Retyped exactly and without pictures, the lines from the one with "Houten transportkist met deksel 120x100x92cm" through the end of the listing must form the entire answer.

▬▬▬▬▬▬▬▬▬▬

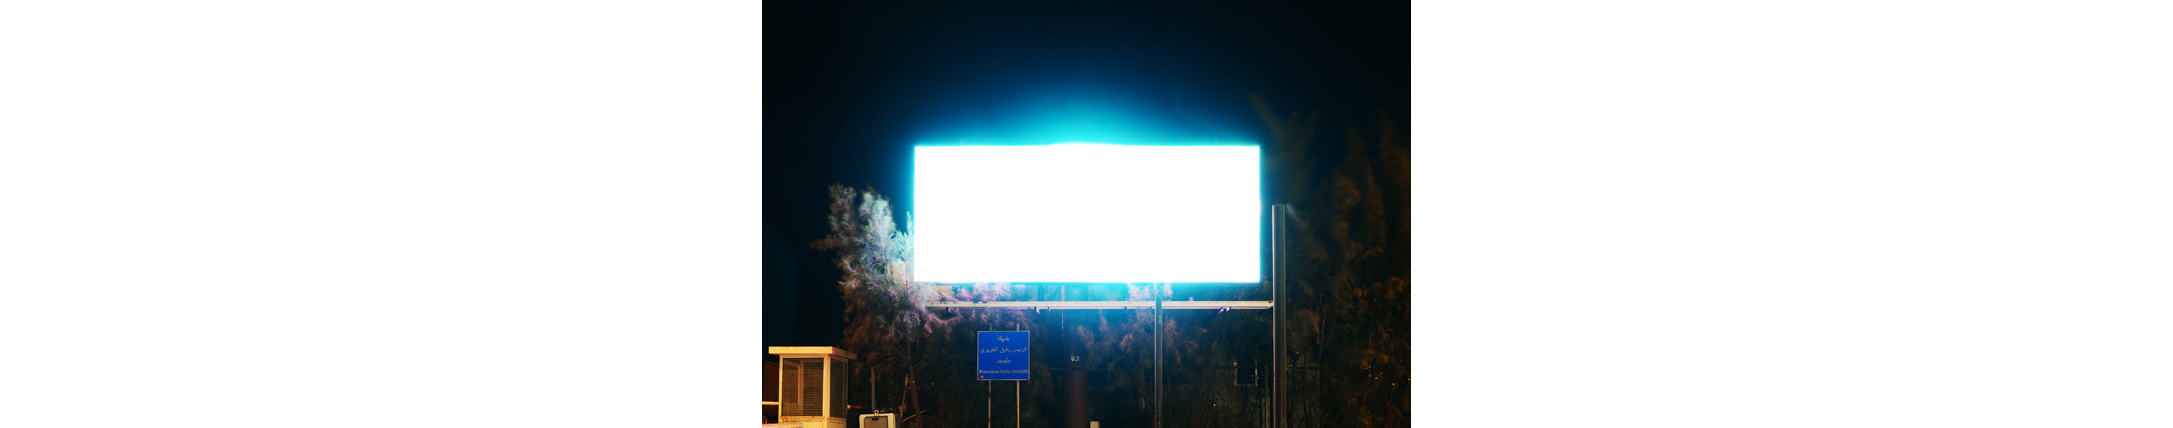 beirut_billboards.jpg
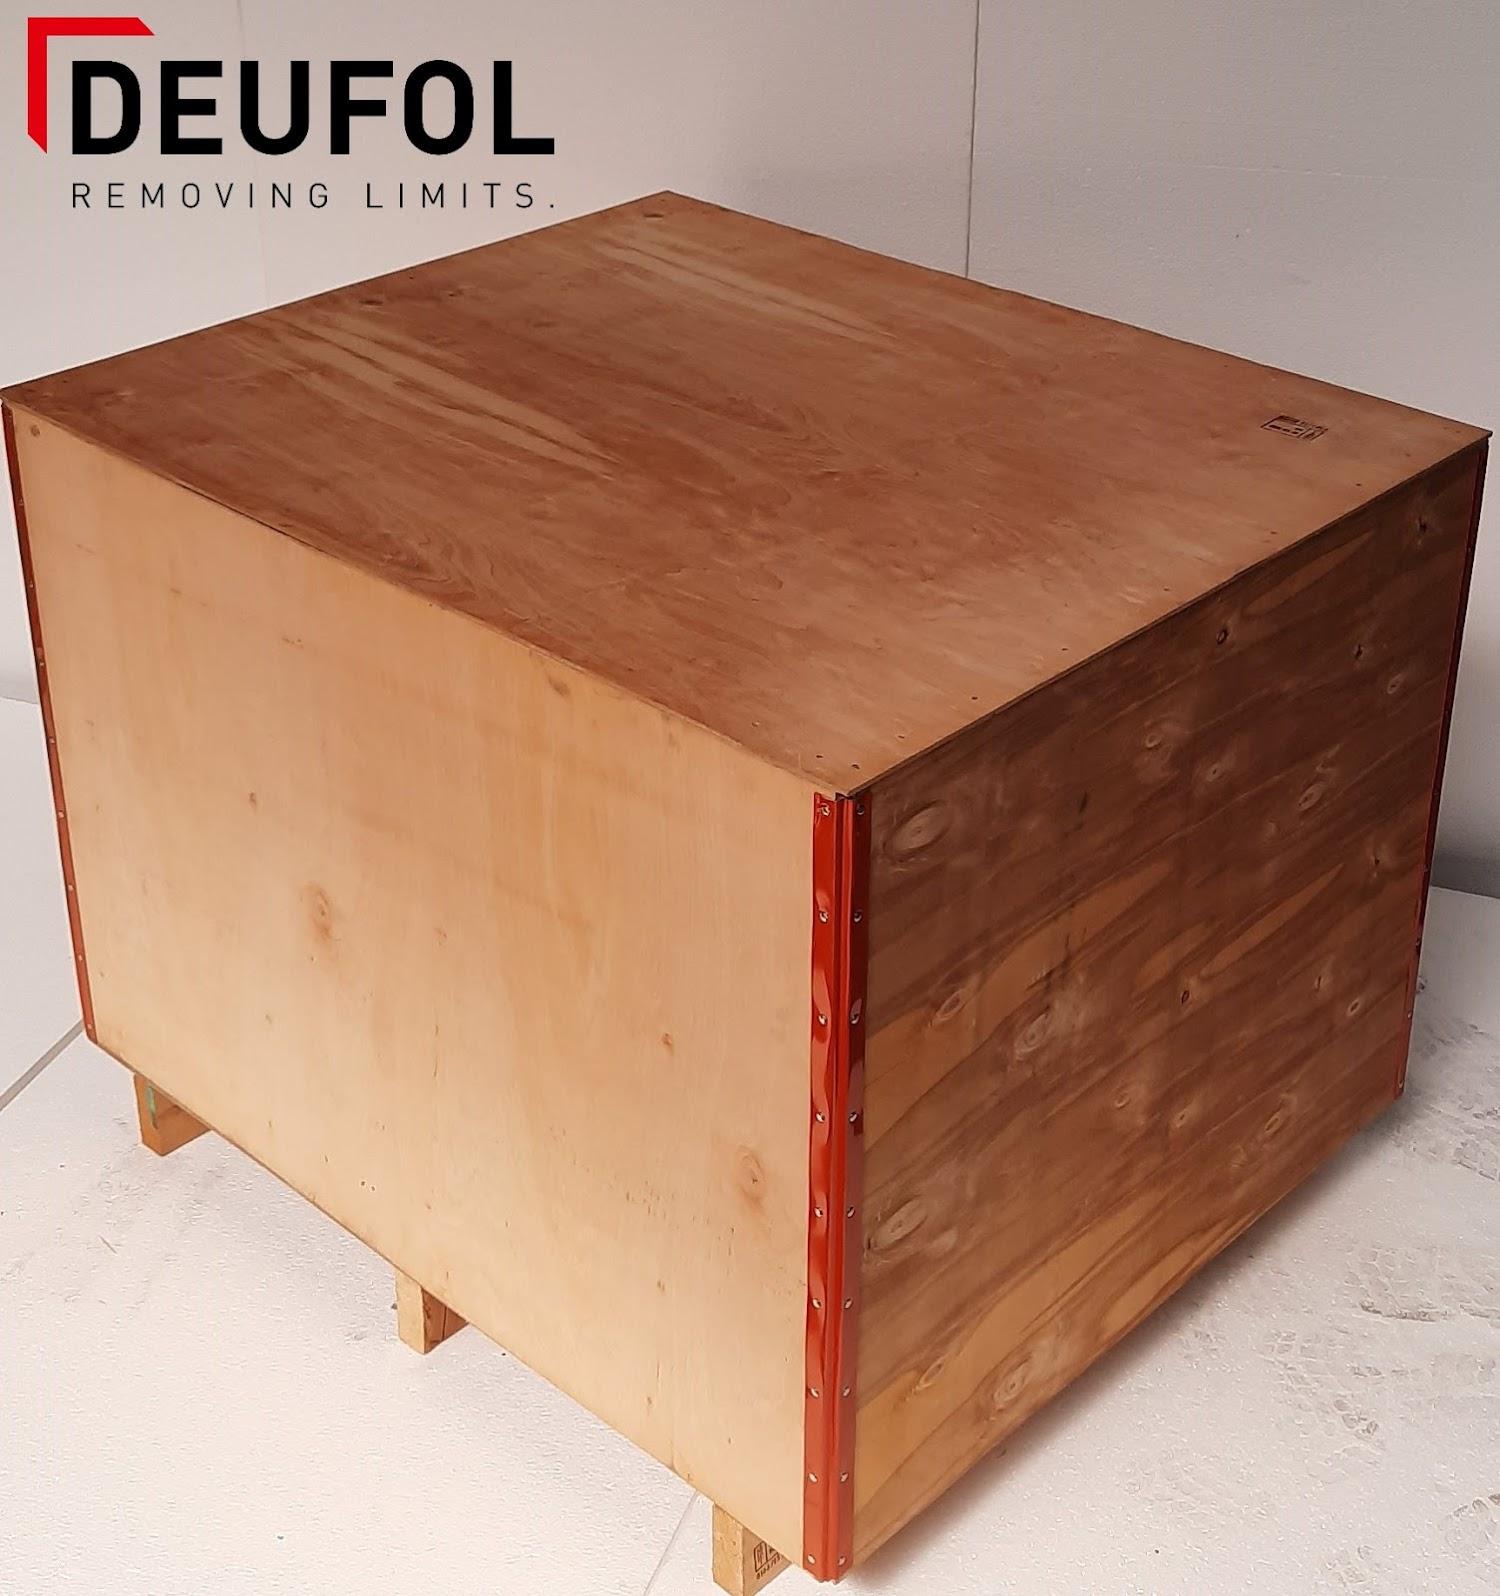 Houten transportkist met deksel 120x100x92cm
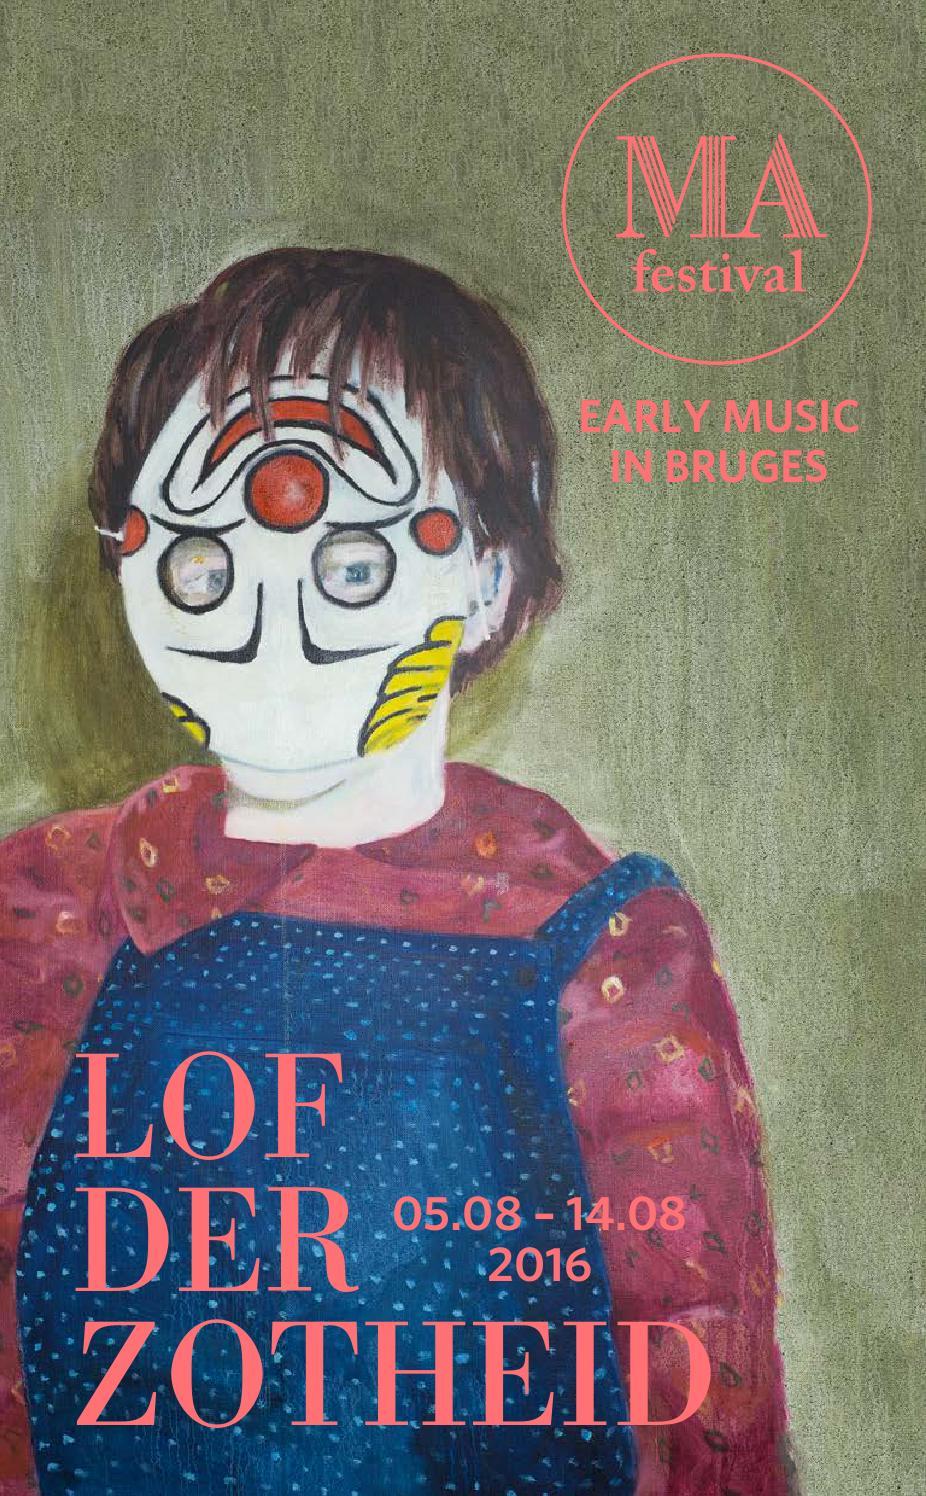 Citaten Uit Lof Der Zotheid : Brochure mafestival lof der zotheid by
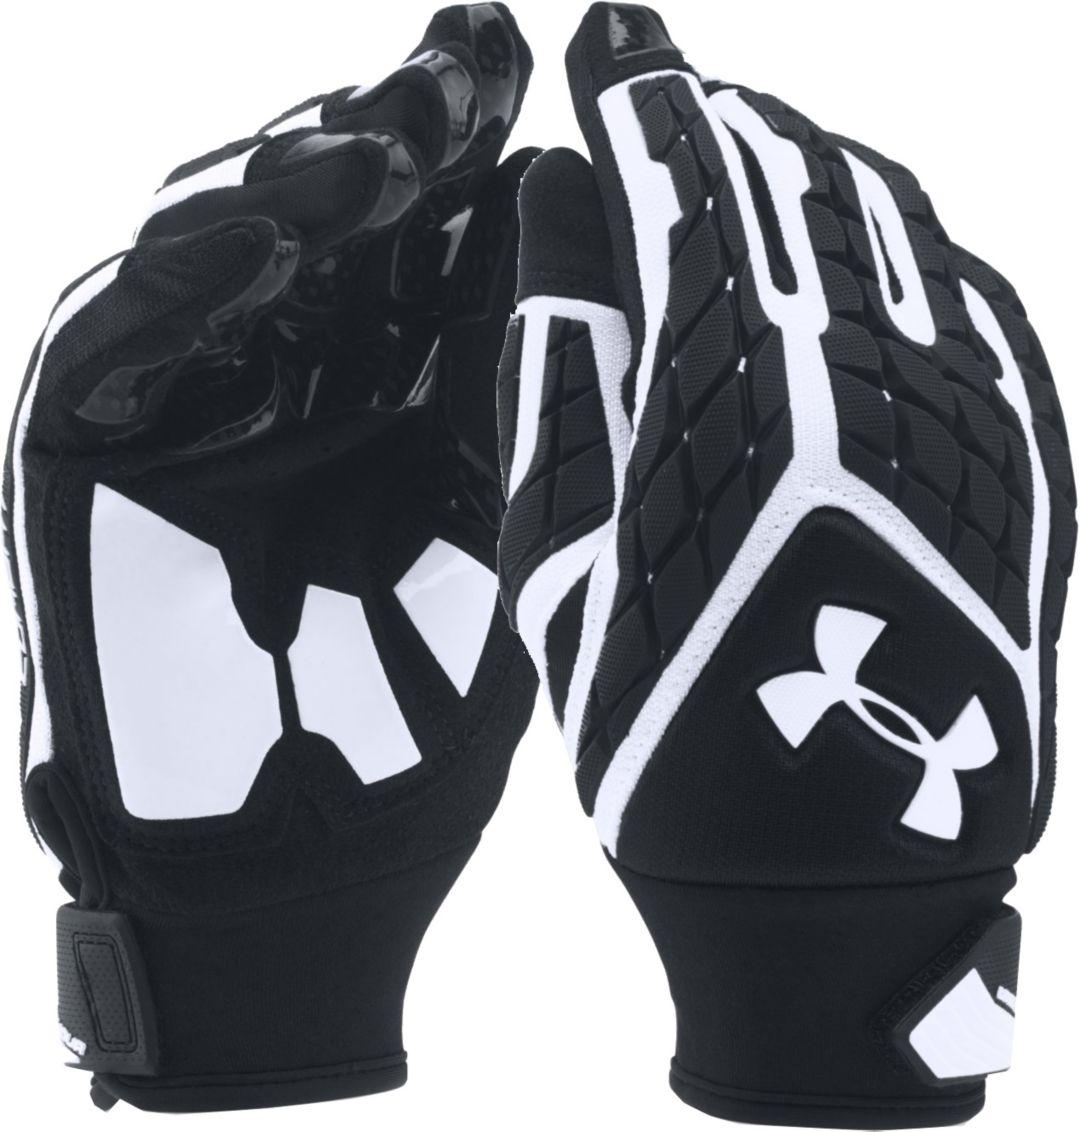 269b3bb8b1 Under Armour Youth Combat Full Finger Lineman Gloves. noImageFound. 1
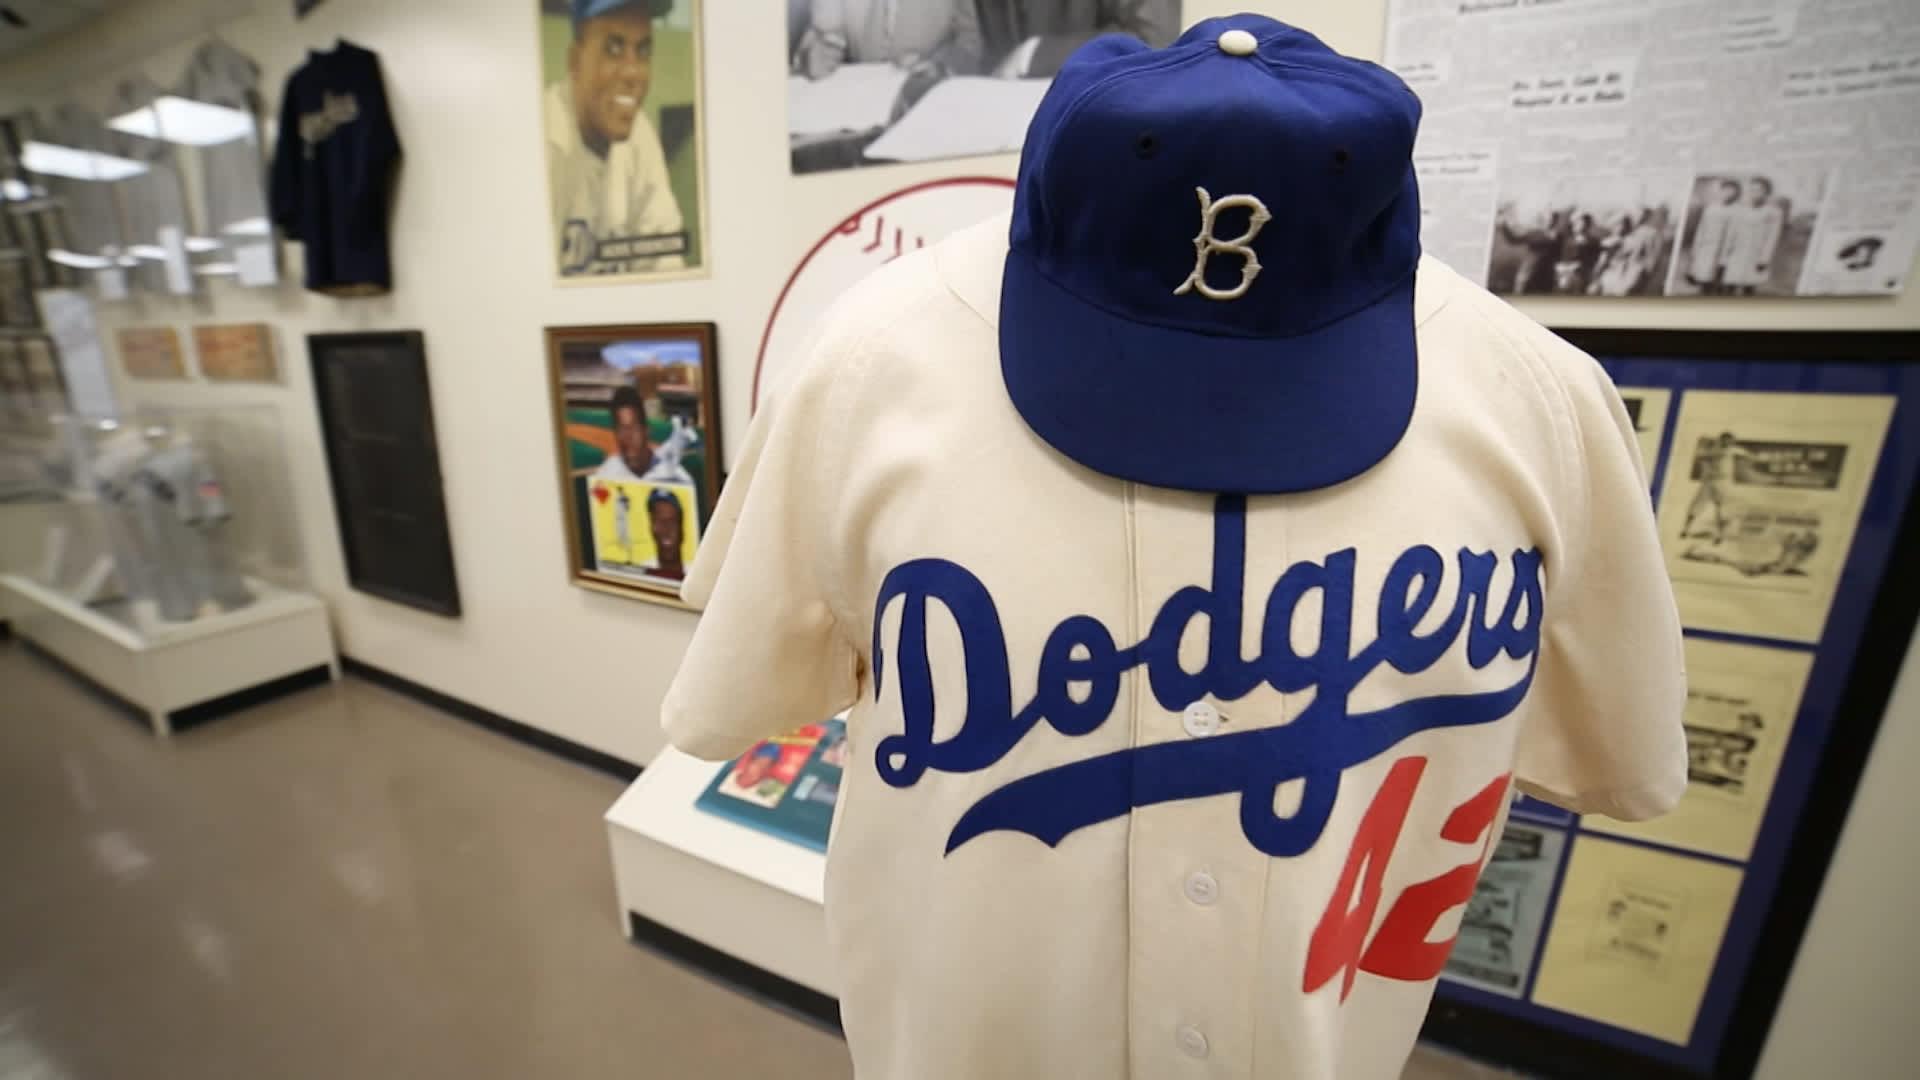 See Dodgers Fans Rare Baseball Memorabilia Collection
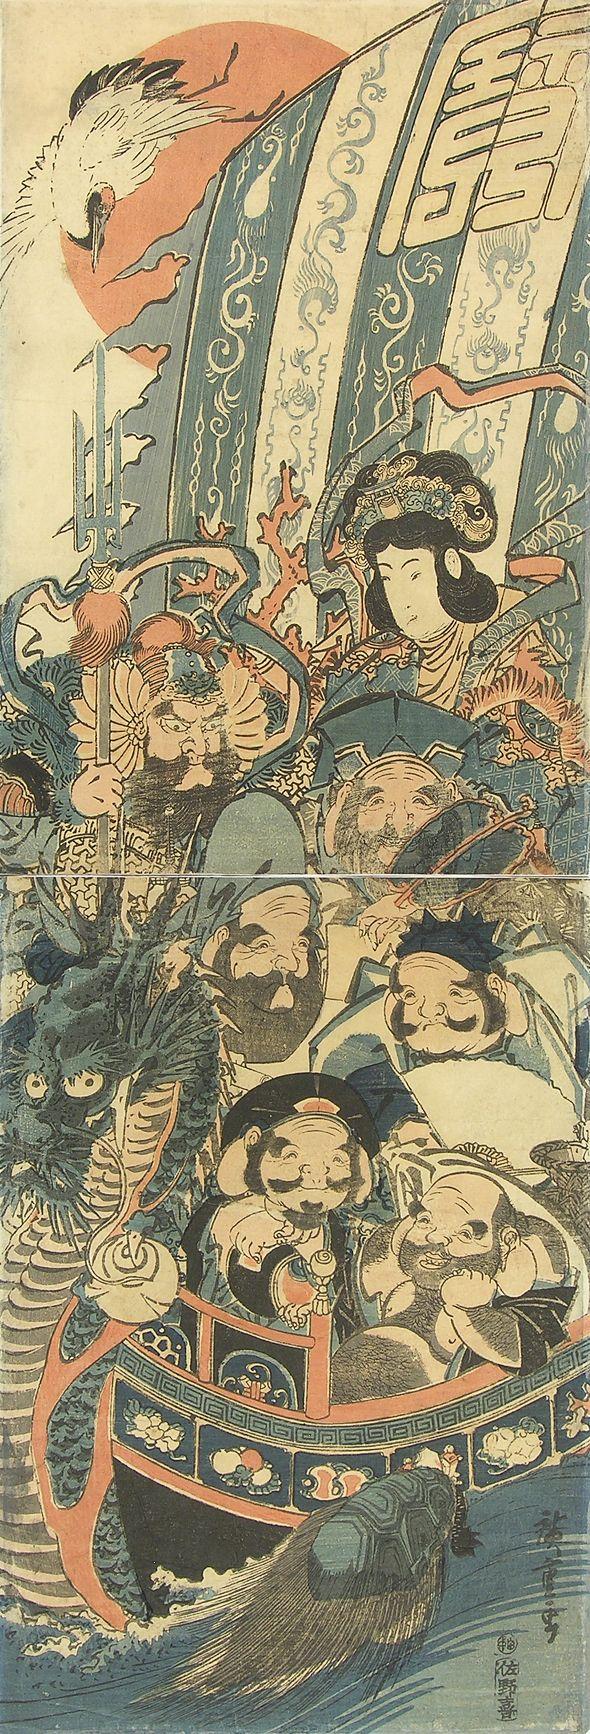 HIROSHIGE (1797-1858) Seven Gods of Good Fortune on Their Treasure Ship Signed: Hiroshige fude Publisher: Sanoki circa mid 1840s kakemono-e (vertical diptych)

▬▬▬▬▬▬▬▬▬▬

• [RESPONSE TO THIS TASK]
 Houten transportkist met deksel 120x100x92cm
 Citaten Uit Lof Der Zotheid : Brochure mafestival lof der zotheid by
 269b3bb8b1 Under Armour Youth Combat Full Finger Lineman Gloves. noImageFound. 1
 See Dodgers Fans Rare Baseball Memorabilia Collection
 HIROSHIGE (1797-1858) Seven Gods of Good Fortune on Their Treasure Ship Signed: Hiroshige fude Publisher: Sanoki circa mid 1840s kakemono-e (vertical diptych)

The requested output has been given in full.